• [Problem description] Nothing but a verbatim copy of the data, minus the images, should be returned.

• [Data segment]

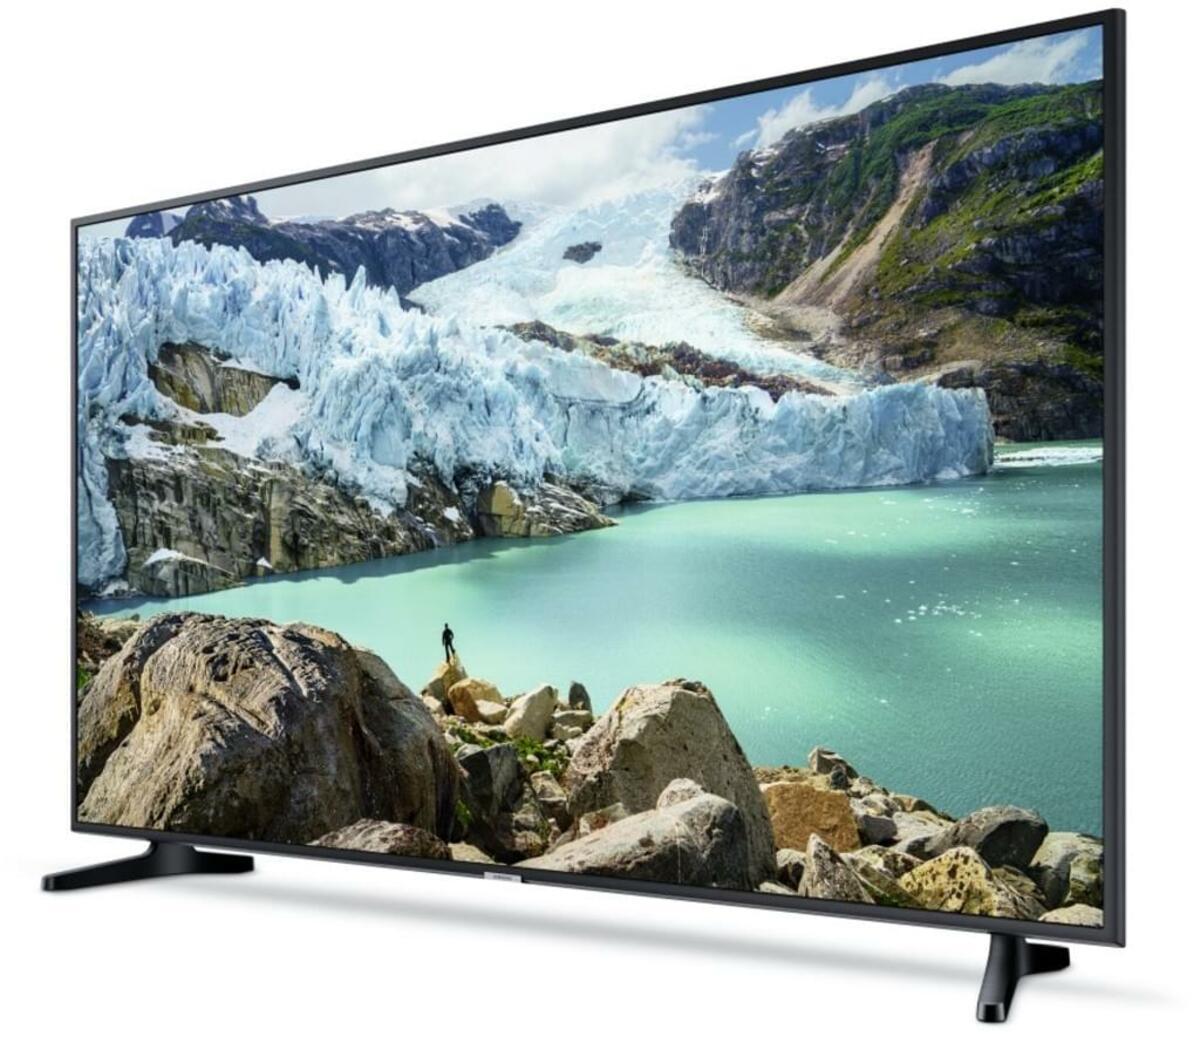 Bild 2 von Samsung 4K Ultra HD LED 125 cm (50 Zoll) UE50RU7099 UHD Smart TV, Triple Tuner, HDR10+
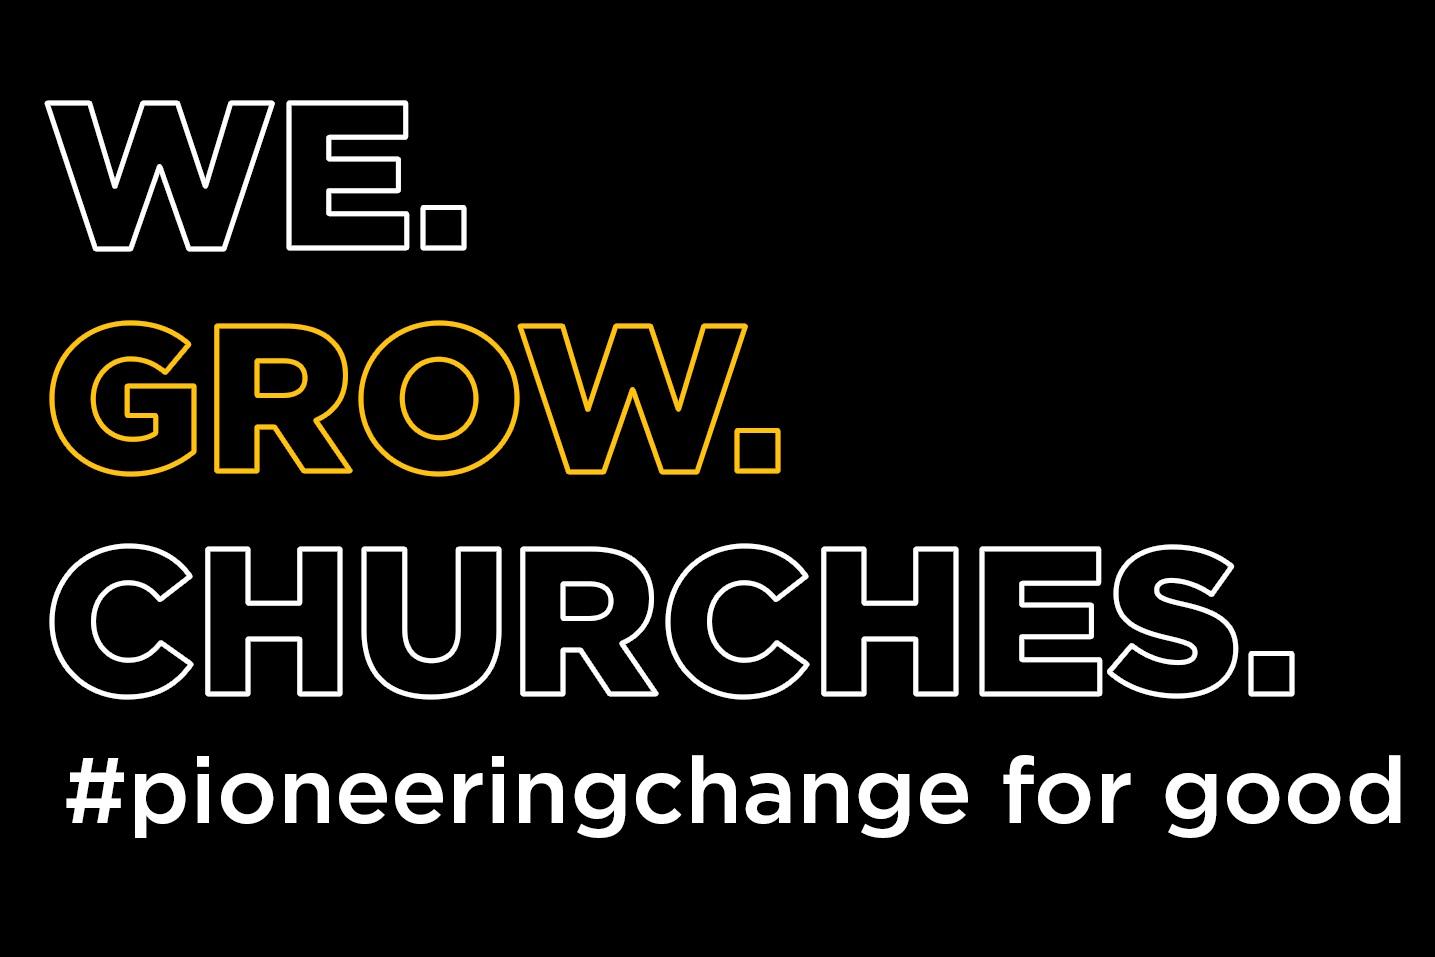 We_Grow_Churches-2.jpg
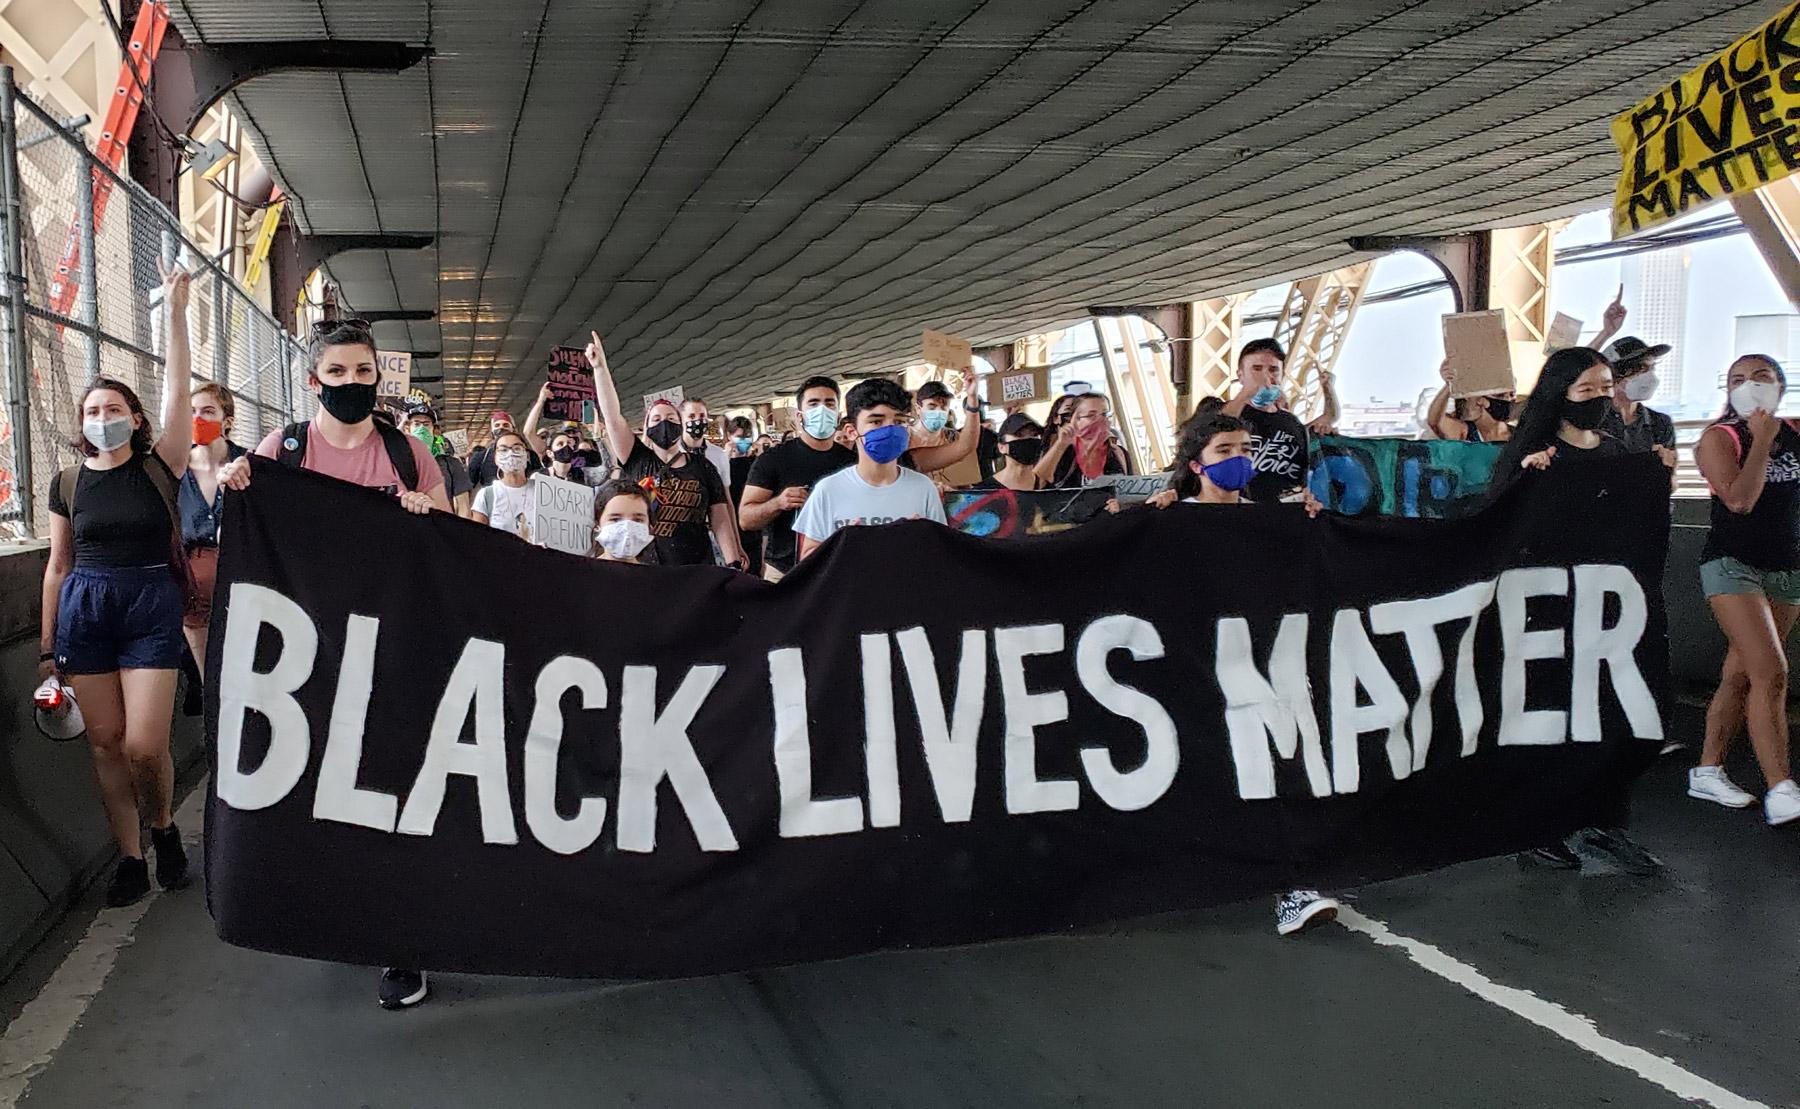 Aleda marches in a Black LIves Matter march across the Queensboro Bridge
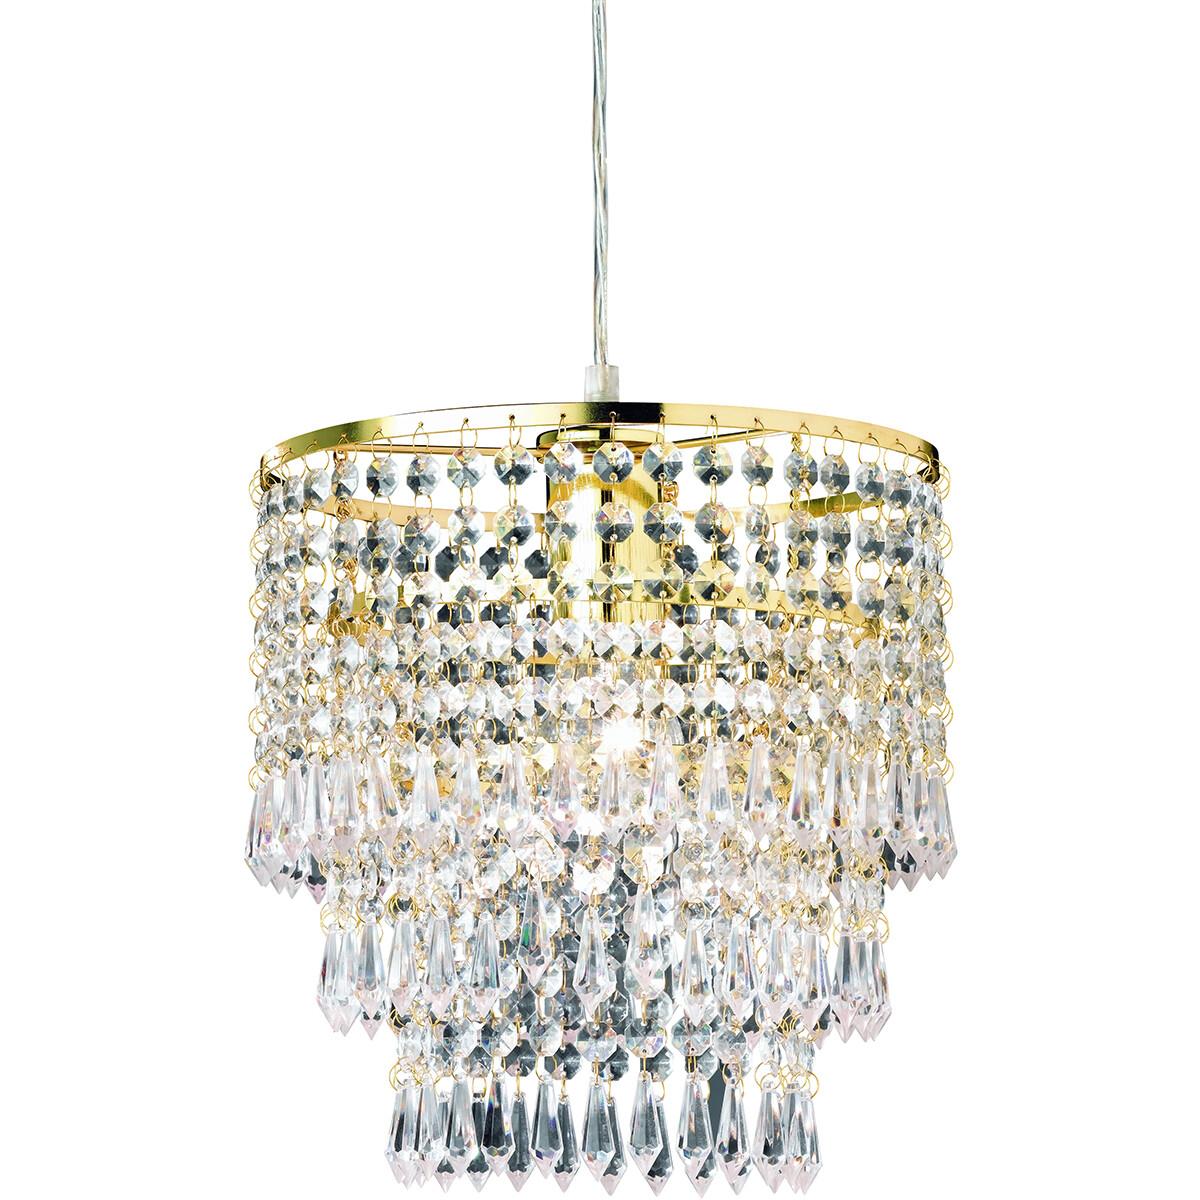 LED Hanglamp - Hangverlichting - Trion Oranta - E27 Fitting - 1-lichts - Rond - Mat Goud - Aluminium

• [Your solution]
 Bild 2 von Samsung 4K Ultra HD LED 125 cm (50 Zoll) UE50RU7099 UHD Smart TV, Triple Tuner, HDR10+
 We_Grow_Churches-2.jpg
 Aleda marches in a Black LIves Matter march across the Queensboro Bridge
 LED Hanglamp - Hangverlichting - Trion Oranta - E27 Fitting - 1-lichts - Rond - Mat Goud - Aluminium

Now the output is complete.